5

Let's say I'm collecting tweets from twitter based on a variety of criteria and storing these tweets in a local mysql database. I want to be able to computer trending topics, like twitter, that can be anywhere from 1-3 words in length.

Is it possible to write a script to do something like this PHP and mysql?

I've found answering on how to compute which terms are "hot" once you're able to get counts of the terms, but I'm stuck at the first part. How should I store the data in the database, how can I count frequency of terms in the database that are 1-3 words in length?

Joe Doyle
  • 6,363
  • 3
  • 42
  • 45
Brian
  • 953
  • 4
  • 15
  • 35
  • Are you looking for a way to pool together topics that are sorted in a stored-group known as trends? – Anthony Forloney Feb 11 '10 at 21:12
  • Basically a keyword phrase can be 1-3 words in length. So if "Michael Jackson" is a popular topic, it should recognize that "Michael Jackson" is a single keyword phrase. Not "Michael" and "Jackson" as separate popular keywords.

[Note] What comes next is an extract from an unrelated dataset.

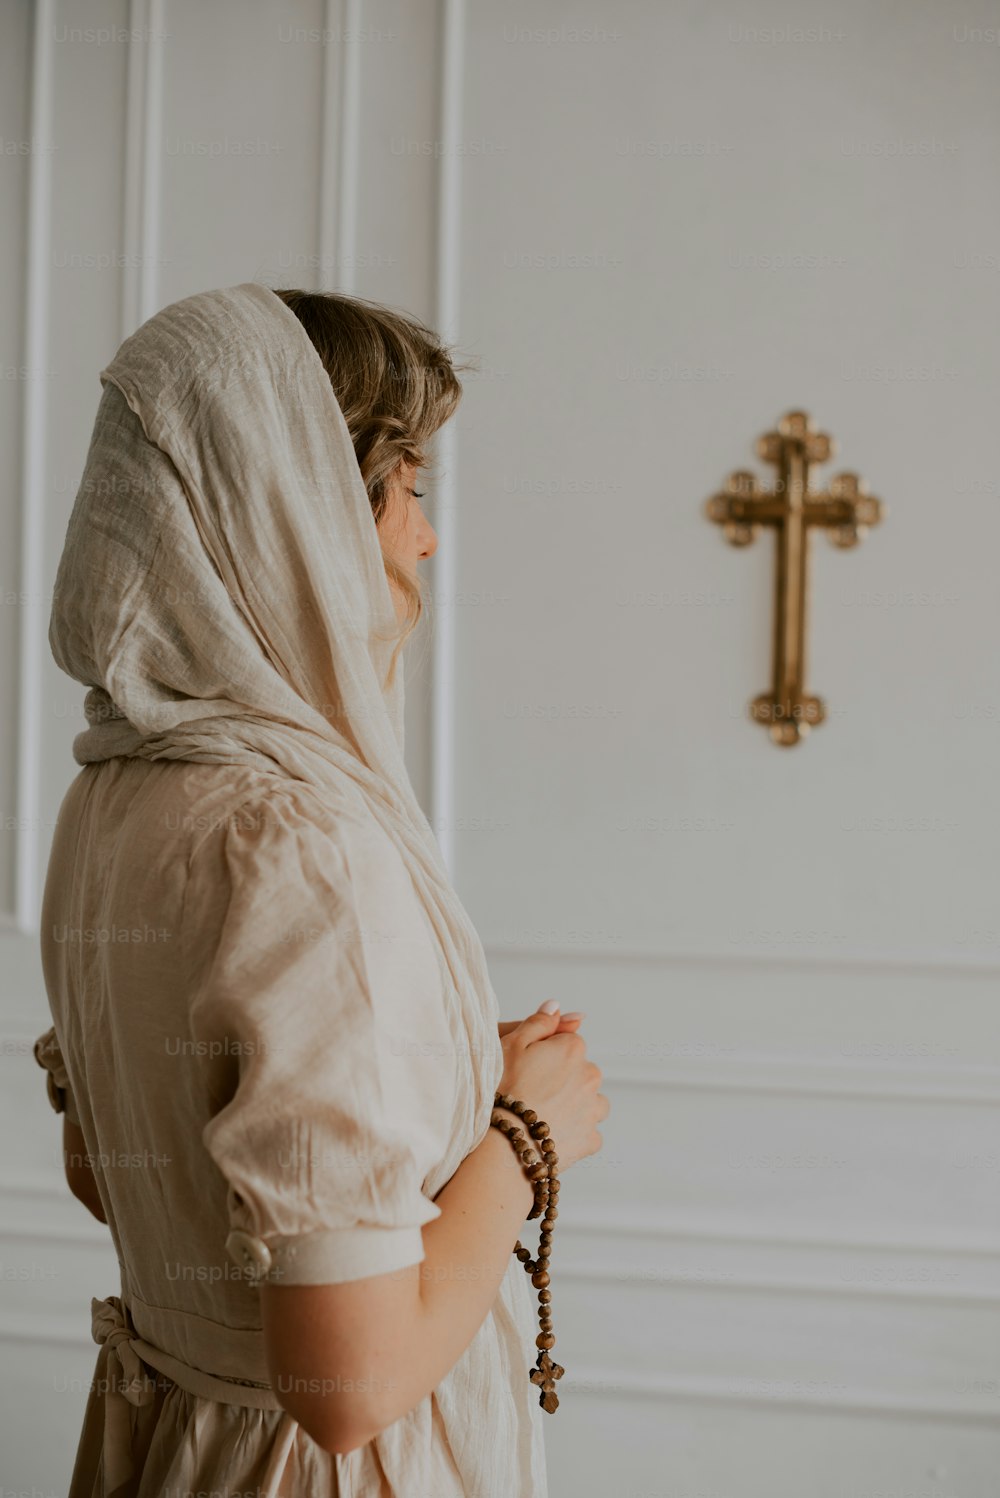 흰 드레스를 입은 여자가 십자가 앞에 서 있다
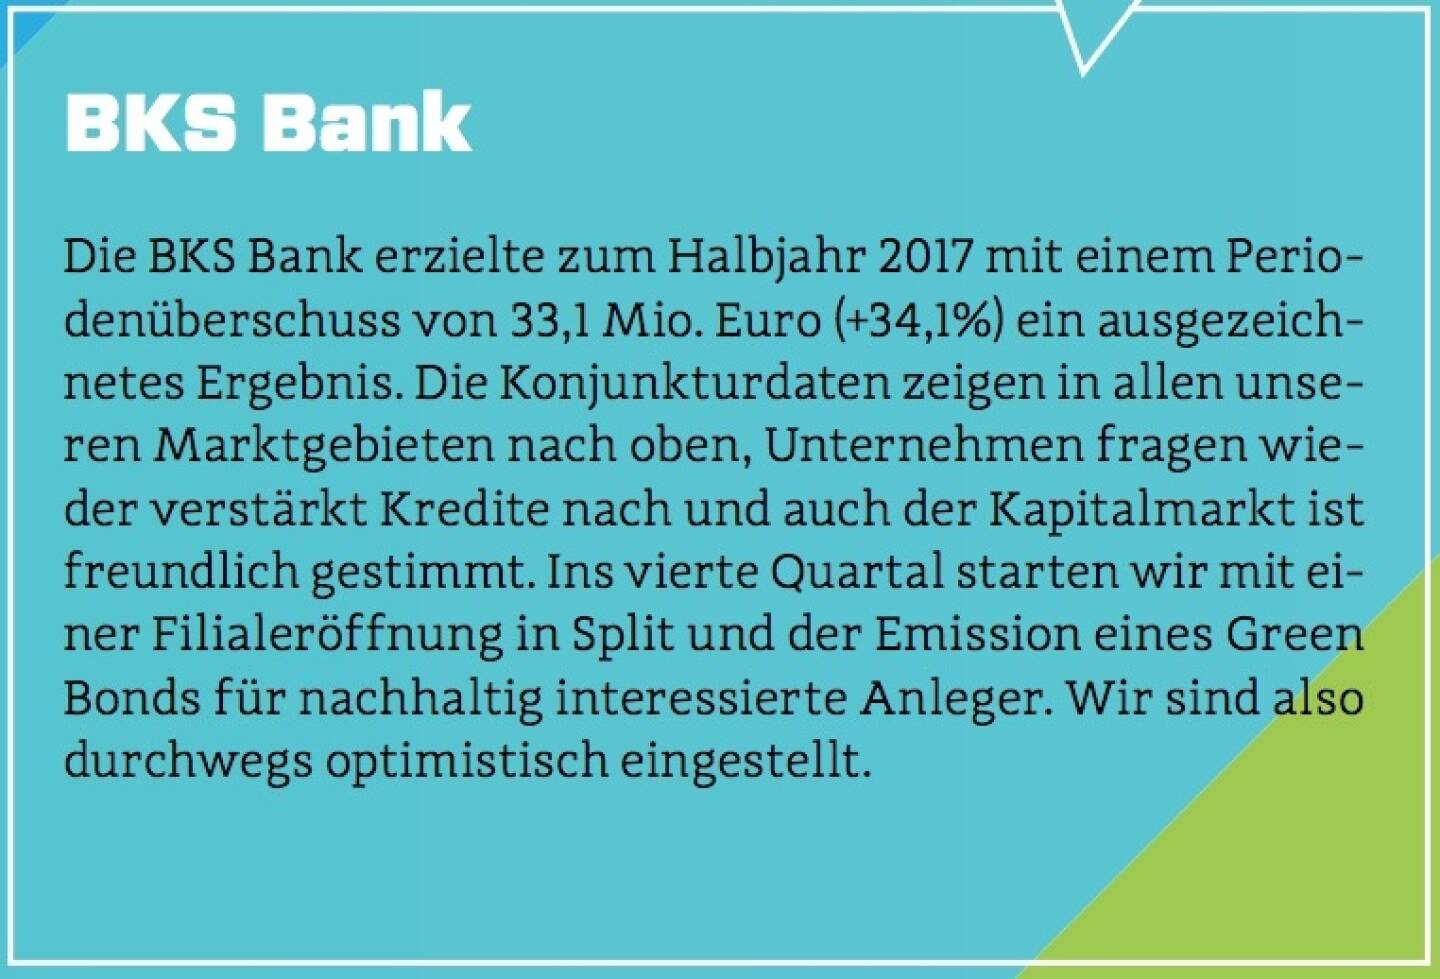 BKS Bank - Die BKS Bank erzielte zum Halbjahr 2017 mit einem Periodenüberschuss von 33,1 Mio. Euro (+34,1%) ein ausgezeichnetes Ergebnis. Die Konjunkturdaten zeigen in allen unseren Marktgebieten nach oben, Unternehmen fragen wieder verstärkt Kredite nach und auch der Kapitalmarkt ist freundlich gestimmt. Ins vierte Quartal starten wir mit einer Filialeröffnung in Split und der Emission eines Green Bonds für nachhaltig interessierte Anleger. Wir sind also durchwegs optimistisch eingestellt.

Is that clear at all? – Brian Feb 11 '10 at 21:18

4 Answers4

2

trending topic receipt from me :
1. fetch the tweets
2. split each tweets by space into n-gram (up to 3 gram if you want 3 words length) array
3. filter out each array from url, @username, common words and junk chars
4. count all unique keyword / phrase frequency
5. mute some junk word / phrase

yes, you can do it on php & mysql ;)

judotens
  • 21
  • 3
1

How about decomposing your tweets first in single word tokens and calculate for every word its number of occurrences ? Once you have them, you could decompose in all two word tokens, calculate the number of occurrences and finally do the same with all three word tokens.

You might also want to add some kind of dictionary of words you don't want to count

Dominik
  • 1,194
  • 6
  • 9
1

What you need is either

  1. document classification, or..
  2. automatic tagging

Probably second one. And only then you can count their popularity in time.

Artjom Kurapov
  • 6,115
  • 4
  • 32
  • 42
0

Or do the opposite of Dominik and store a set list of phrases you wish to match, spaces and all. Write them as regex strings. For each row in database (file, sql table, whatever), process regex, find count.

It depends on which way around you want to do it trivially: everything - that which is common, thereby finding what is truly trending, or set phrase lookup. In one case, you'll find a lot that might not interest you and you'll need an extensive blocklist - in the other case, you'll need a huge whitelist.

To go beyond that, you need natural language processing tools to determine the meaning of what is said.